Camp Hill United Methodist Church in Camp Hill, Pennsylvania, is helping transform lives and provide opportunities for children in eastern Sierra Leone.
Through the Sierra Leone Initiative — a partnership between the Sierra Leone and Susquehanna conferences — Camp Hill has created a bond with the Panguma community, sharing knowledge and cultural experiences and creating new relationships.
Hard hit by Sierra Leone’s 11-year civil war (1991-2002), Panguma was still struggling to recover when church members began visiting the village in 2010.
Teams at Camp Hill started by rehabilitating the local church.
“Then we moved on to United Methodist schools — both the primary school and the secondary school,” said Drew Robeson, director of mission and outreach at Camp Hill United Methodist Church, who led a team of eight to Sierra Leone in late April.
During the visit, the team shared news of the church’s latest project: the construction of a $53,000 community market. Work will begin in October following the rainy season. Camp Hill will work with the Sierra Leone Conference’s Community Empowerment for Livelihood and Development program to build the market.
“If it were not for the Camp Hill people, we would have found it difficult to do such a development project for you,” said Bishop John K. Yambasu, noting that the food market will benefit the entire community, Christians and Muslims alike.
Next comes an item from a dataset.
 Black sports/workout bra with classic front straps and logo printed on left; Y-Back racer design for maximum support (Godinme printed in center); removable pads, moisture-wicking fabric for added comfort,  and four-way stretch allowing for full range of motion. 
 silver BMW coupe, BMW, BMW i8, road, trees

He urged those gathered to take responsibility and ownership of the new market.
The team from Pennsylvania also launched the construction of a new three-classroom building in an effort to help with overcrowded classes.
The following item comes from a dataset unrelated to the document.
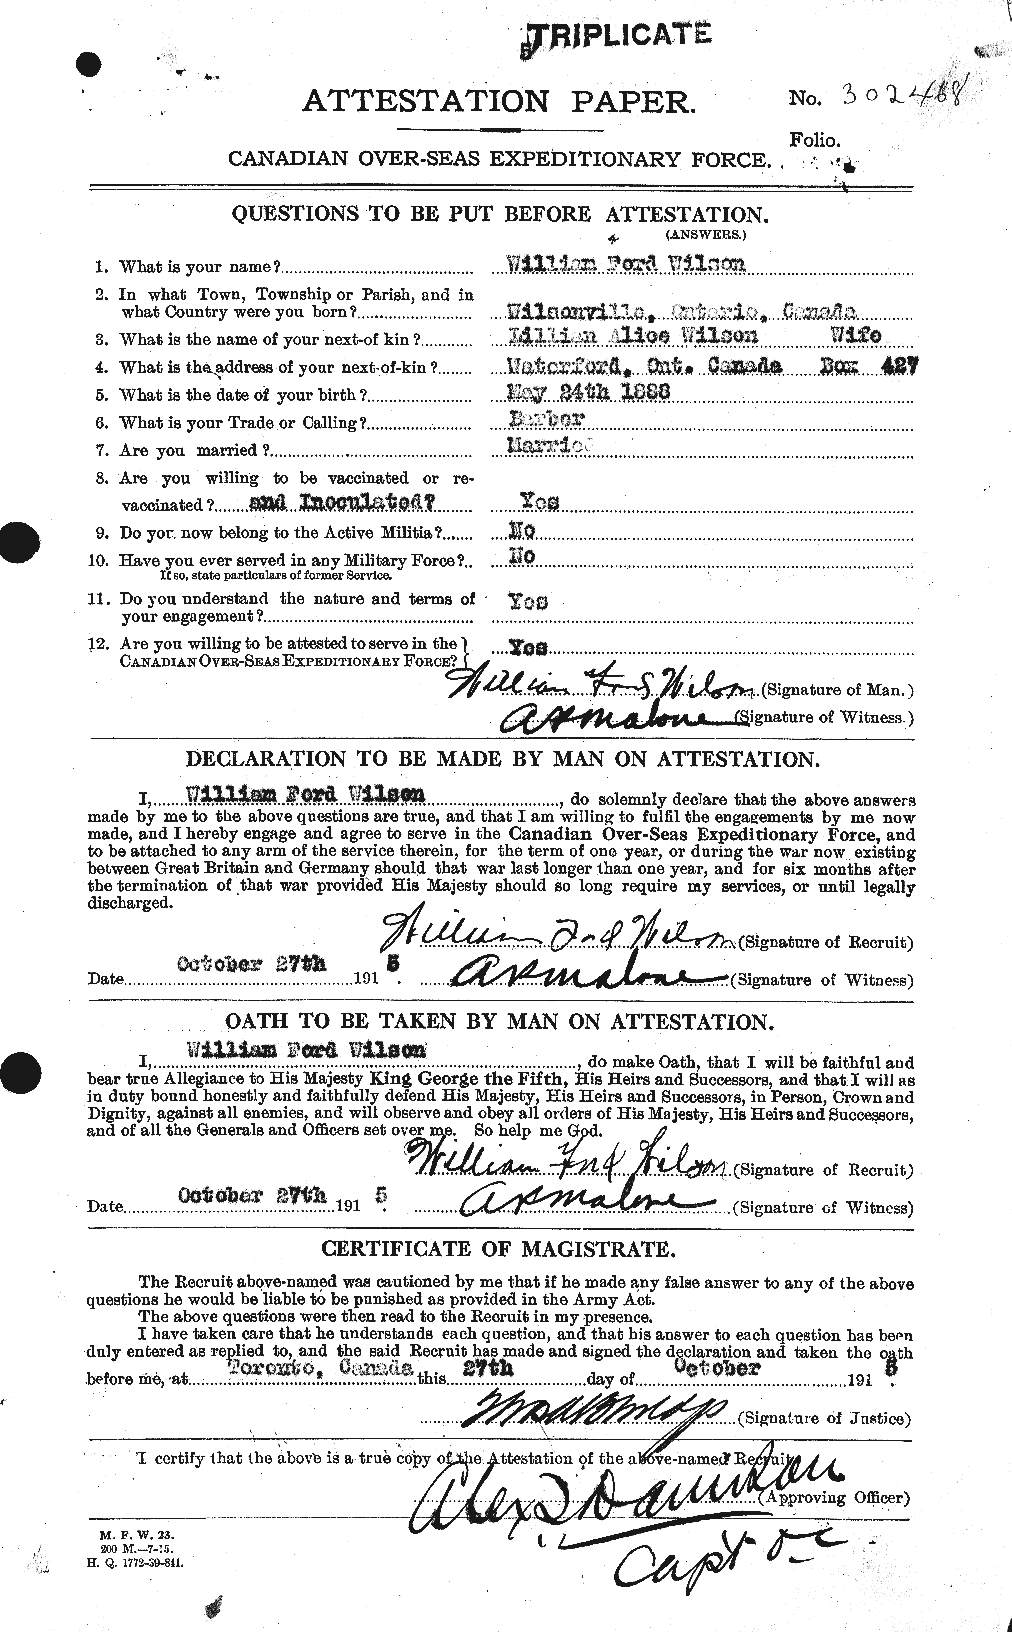 Personnel Records of the First World War - CEF 681989a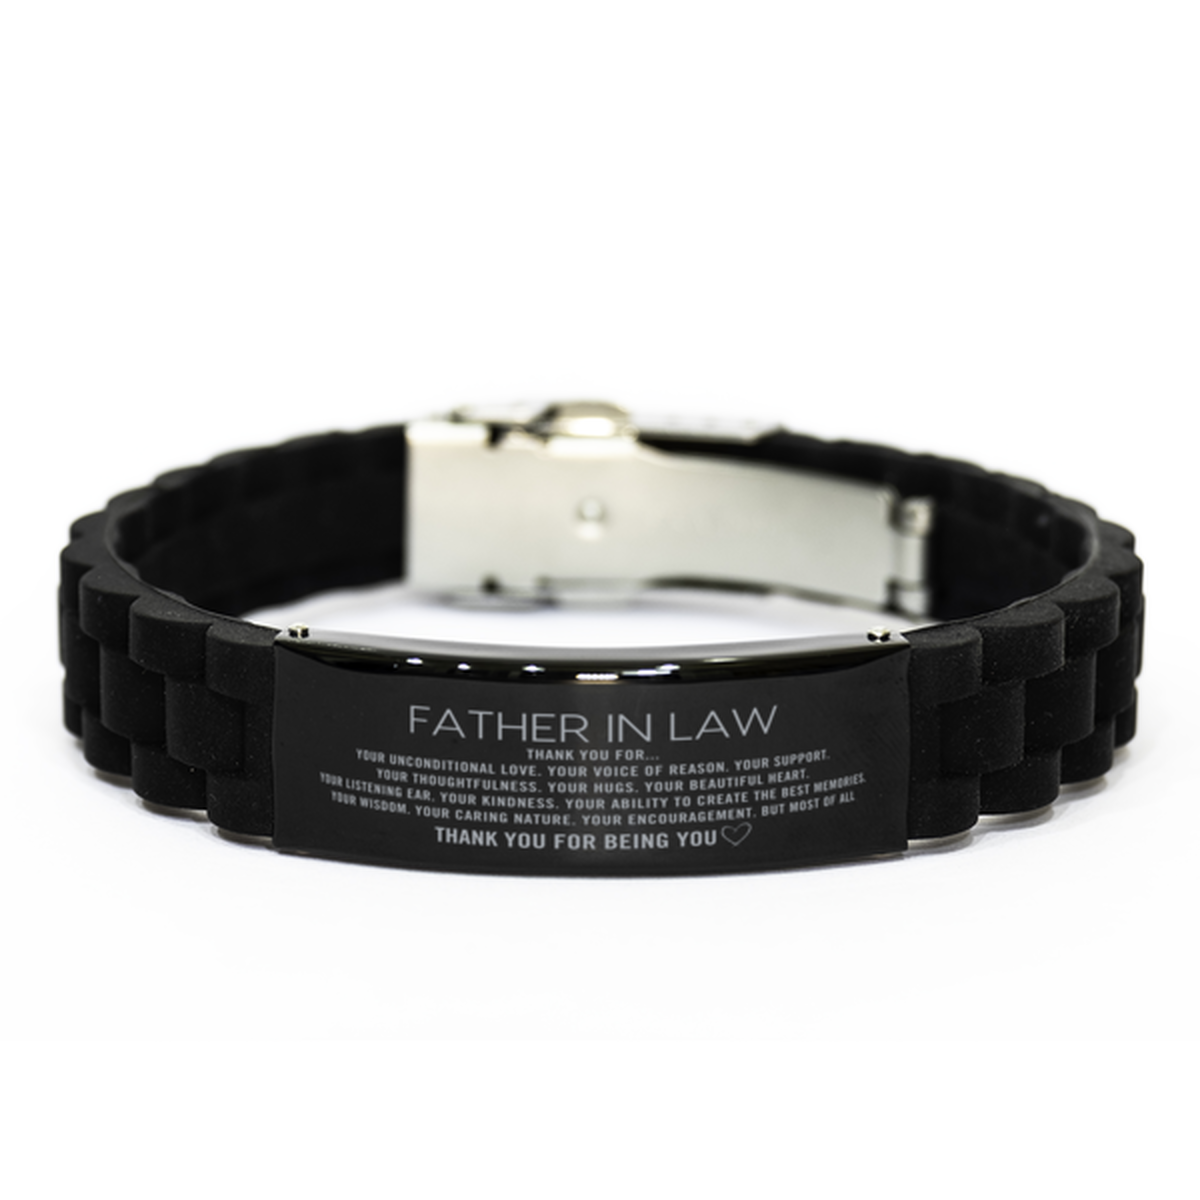 Father In Law Black Glidelock Clasp Bracelet Custom, Engraved Gifts For Father In Law Christmas Graduation Birthday Gifts for Men Women Father In Law Thank you for Your unconditional love

“Before Camp Hill’s intervention, the school had 150 students with only two teachers,” said Leonard Komeh, principal of the Lower Bambara Secondary School in Panguma. “Now, we have 1,288 students with 24 teachers.”
He said the school was challenged further last year when a new government free education policy compelled heads of schools to accept all children seeking admission.
“We had to take in 500 more students, leading to overcrowding in the classrooms, thereby swelling enrollment in some classes up to 100,” Komeh said.
The youth group from Camp Hill raised almost $75,000 over the past three years to build the new classroom building.
Komeh said the partnership with Camp Hill has been a huge development for the school, noting that teams have been coming every year except for 2014 during the Ebola outbreak.
In 2015, Camp Hill constructed a building that houses four classes, a laboratory and the principal’s office. The church also provides scholarships for underprivileged students at the school and sponsors about 153 children whose parents cannot take care of educational supplies and other needs.
“We pay hospital bills for such children out of the Camp Hill support. In October alone, we received 187 million Leones (an equivalence of $21,000) from Camp Hill. Out of the money, we pay stipends for 21 teachers who are not on government payroll. We have to also buy uniforms, books and bags for the children,” Komeh said.
The Pennsylvania partnership also has benefitted the local hospital in Panguma and the patients it serves.
“One team arrived in 2013 and they heard some very disturbing news about a woman who needed a Caesarean section, but the doctor at the local Catholic hospital had just left a few months ago. And she was not able to get the procedure in Panguma,” said Robeson. “She took a motorbike to Kenema and she died in the process. She did not survive the journey.”
He said the team brought that information back to the United States and church members wanted to help. They hired a resident surgeon for Panguma Hospital and arranged to pay his salary through the end of 2019.
“So, he’s been literally saving people’s lives. Every cent in the Panguma Hospital has been a bright spot in the community,” Robeson said.
Camp Hill member Bob Sturman, a first-time visitor to Sierra Leone, said the partnership is a team effort.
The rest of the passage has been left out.